> [Data shown]:
BEGIN
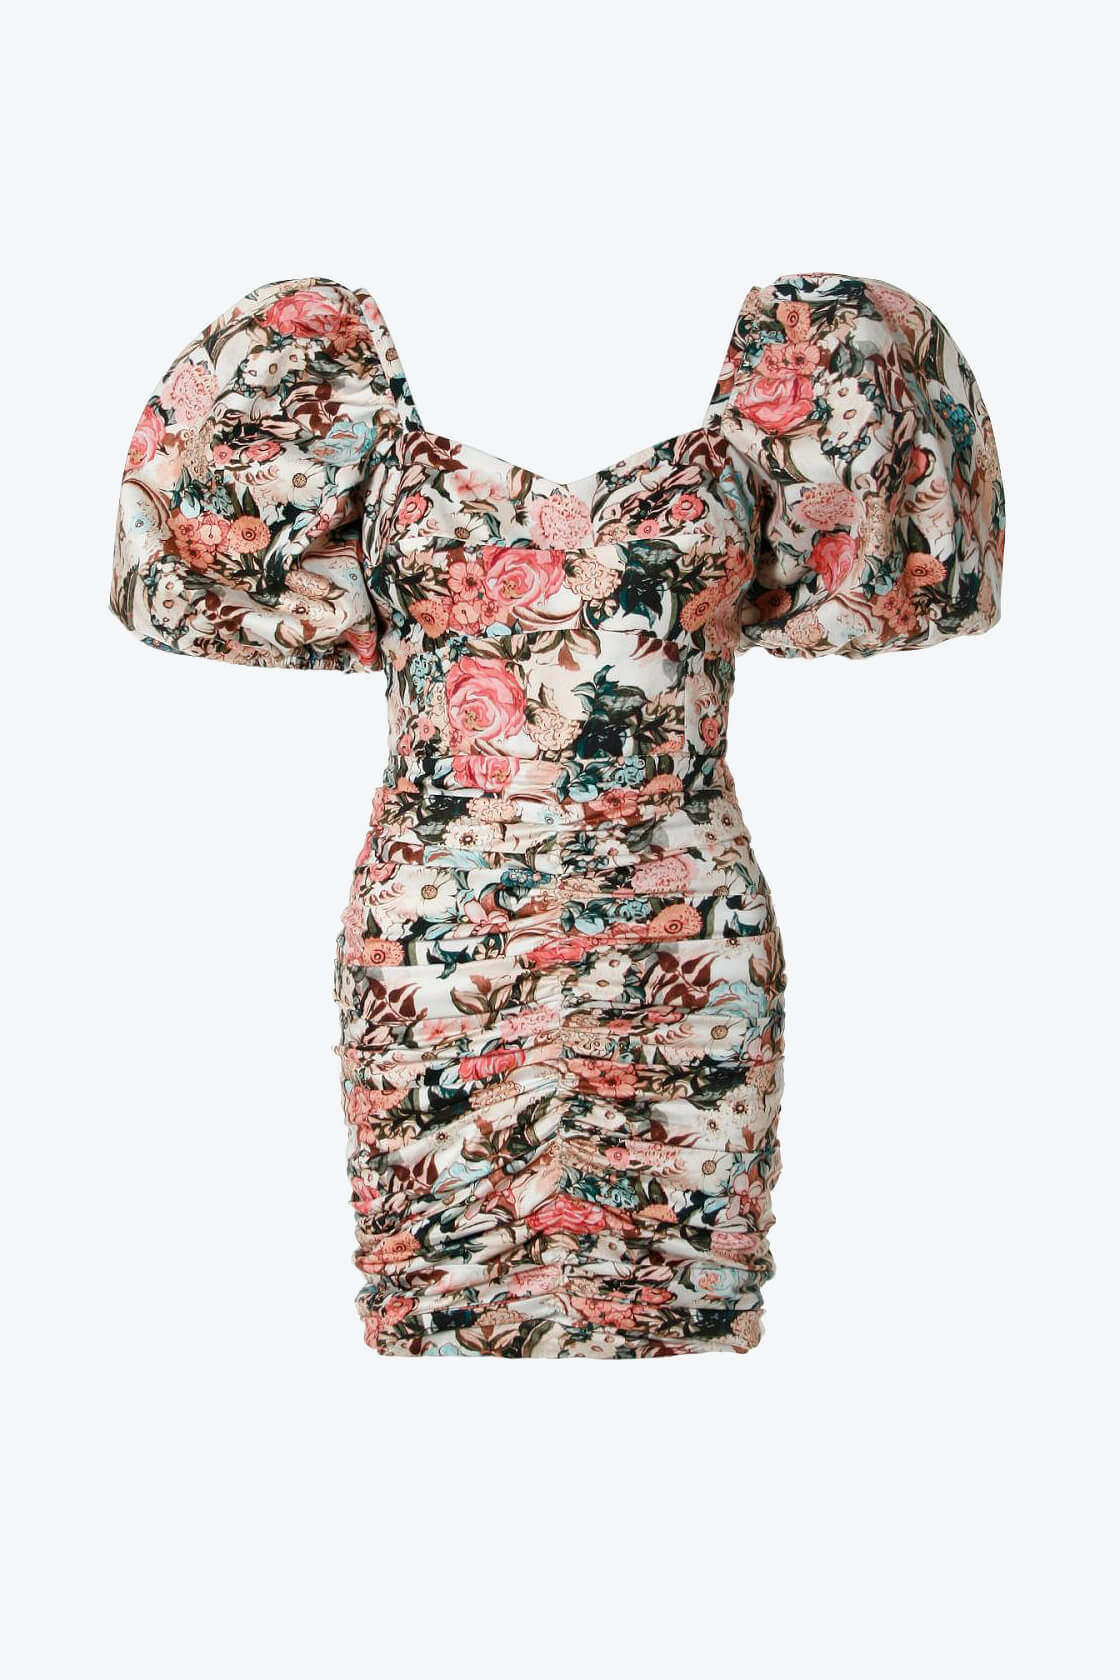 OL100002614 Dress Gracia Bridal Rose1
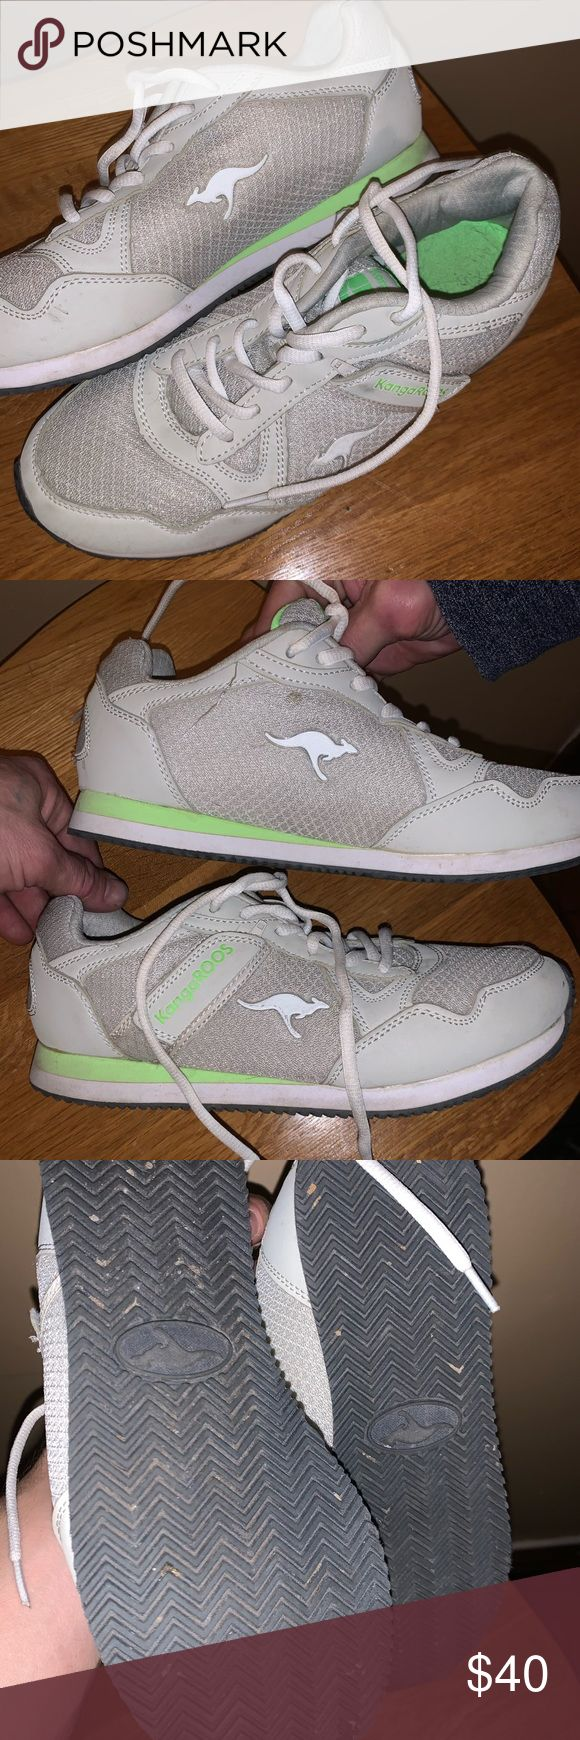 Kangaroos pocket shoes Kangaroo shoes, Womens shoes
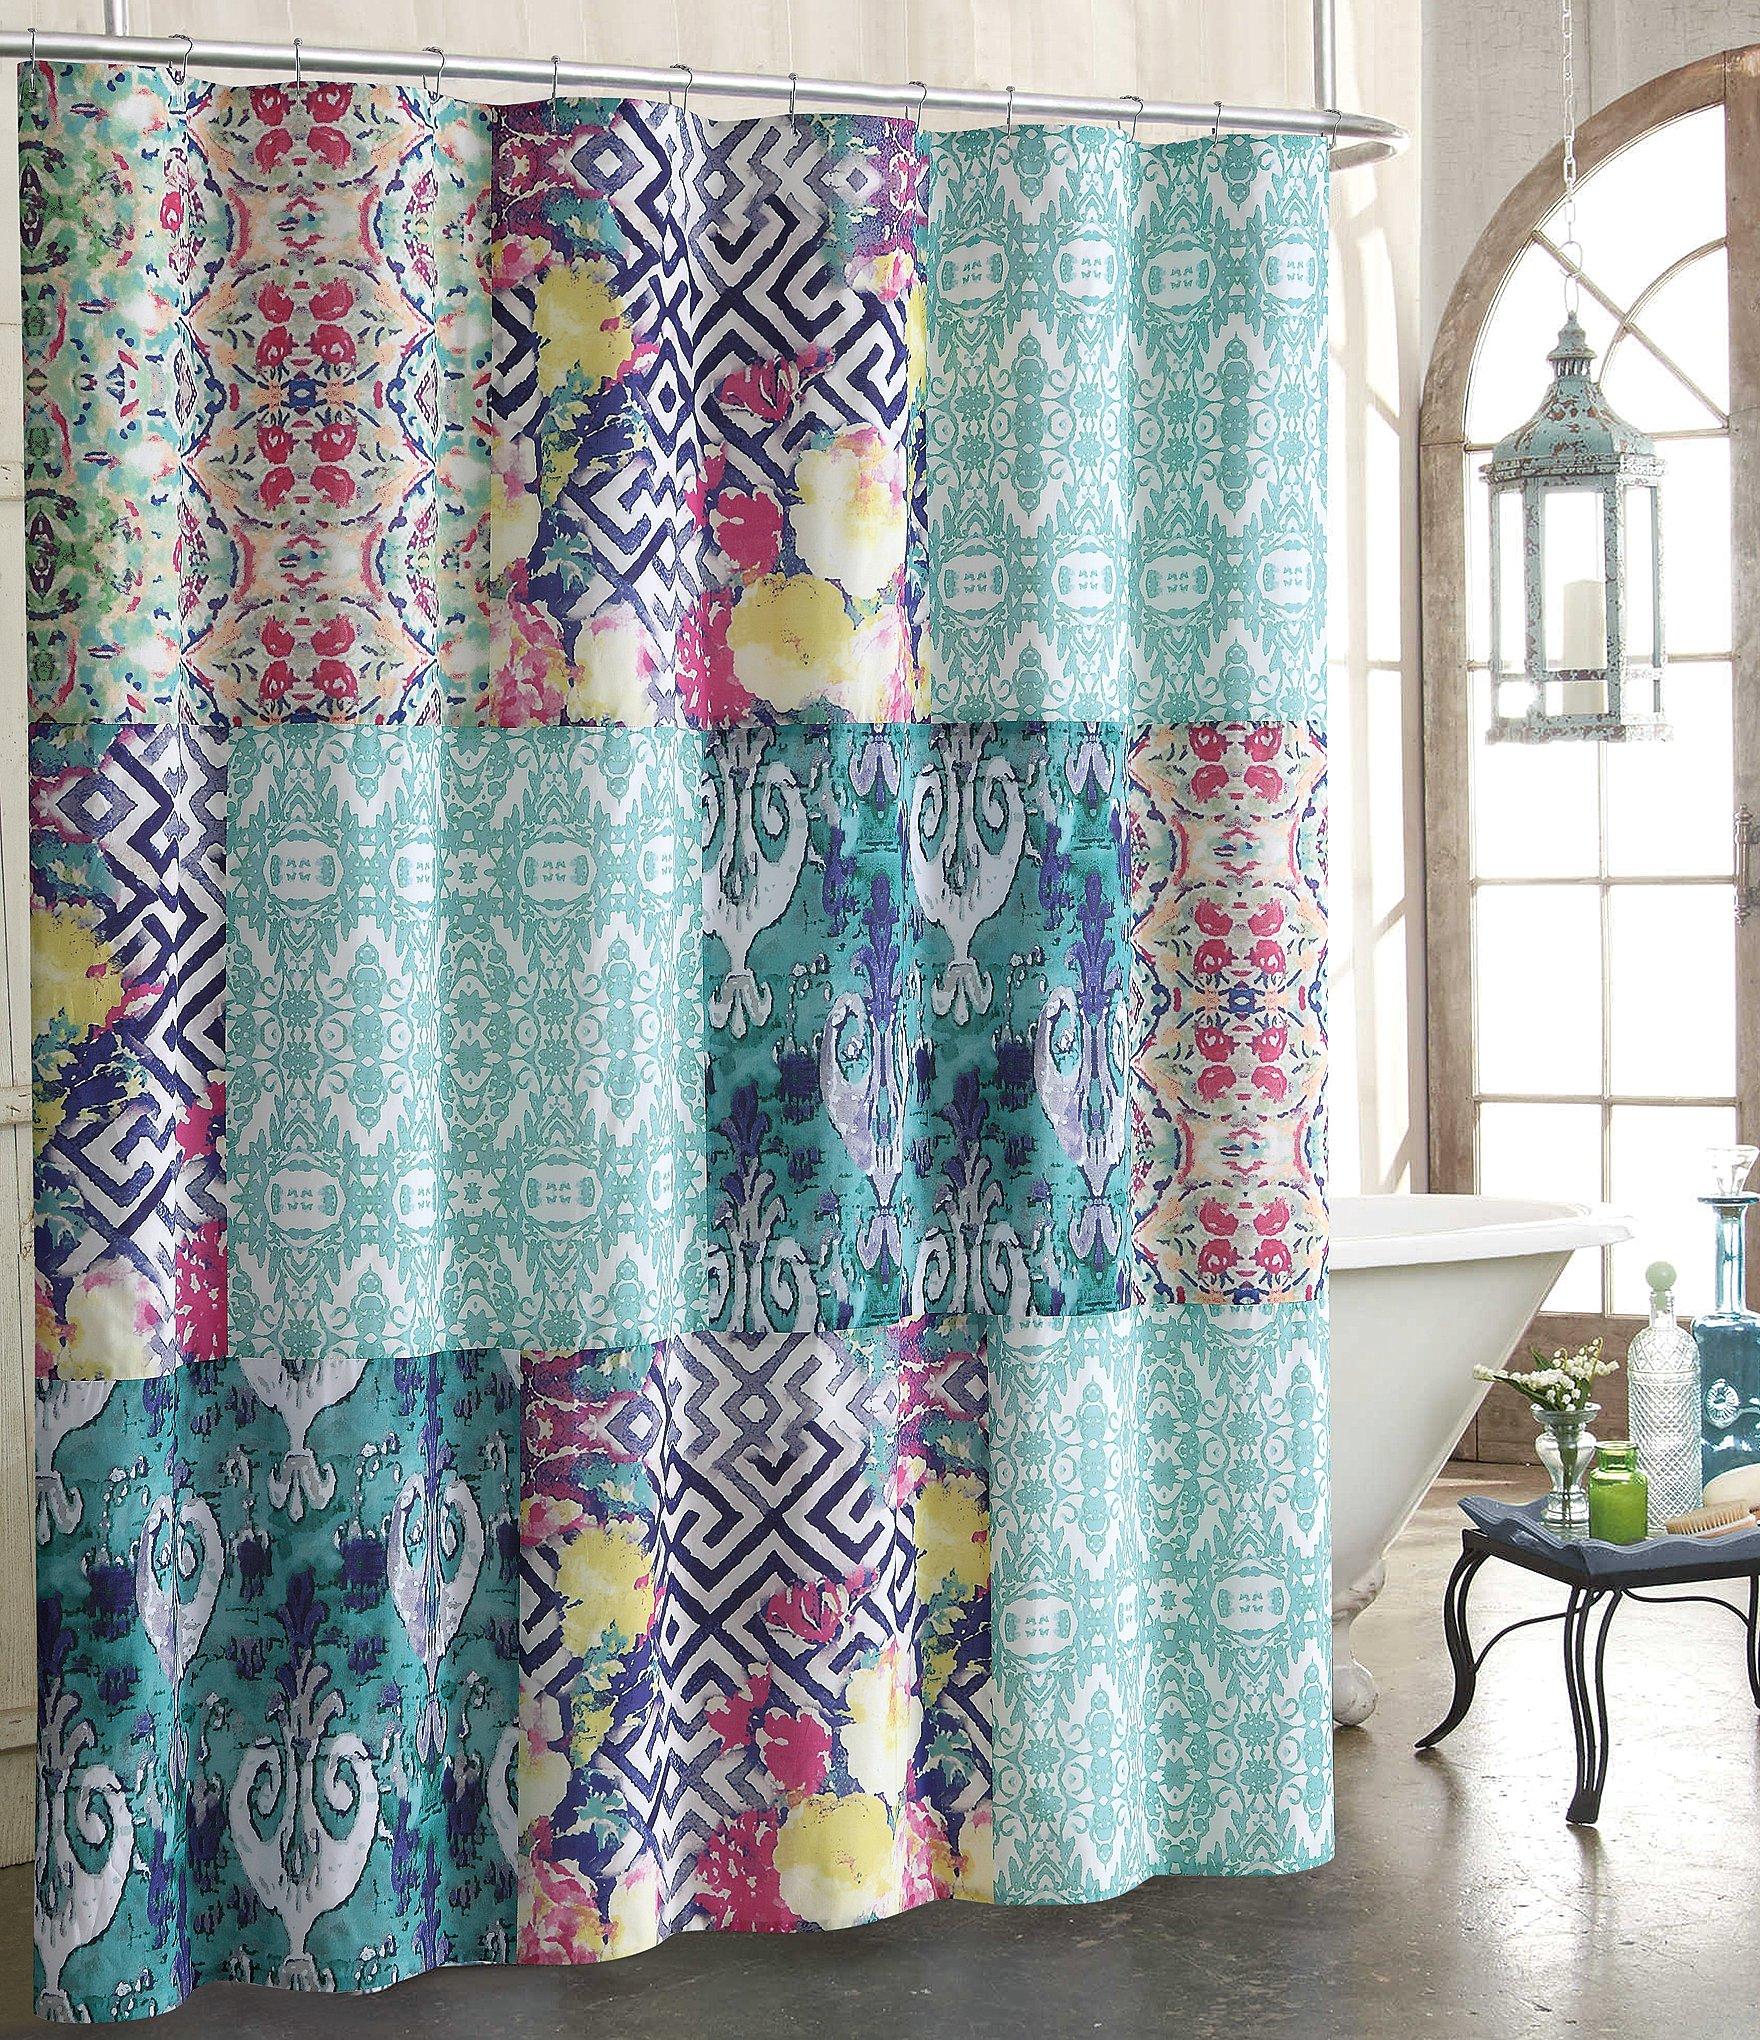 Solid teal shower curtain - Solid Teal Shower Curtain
END
> [What the exercise asks]: Return the data above in its exact wording, with none of the pictures.

> [Answer for the task]:
 OL100002614 Dress Gracia Bridal Rose1
 Kangaroos pocket shoes Kangaroo shoes, Womens shoes
 Solid teal shower curtain - Solid Teal Shower Curtain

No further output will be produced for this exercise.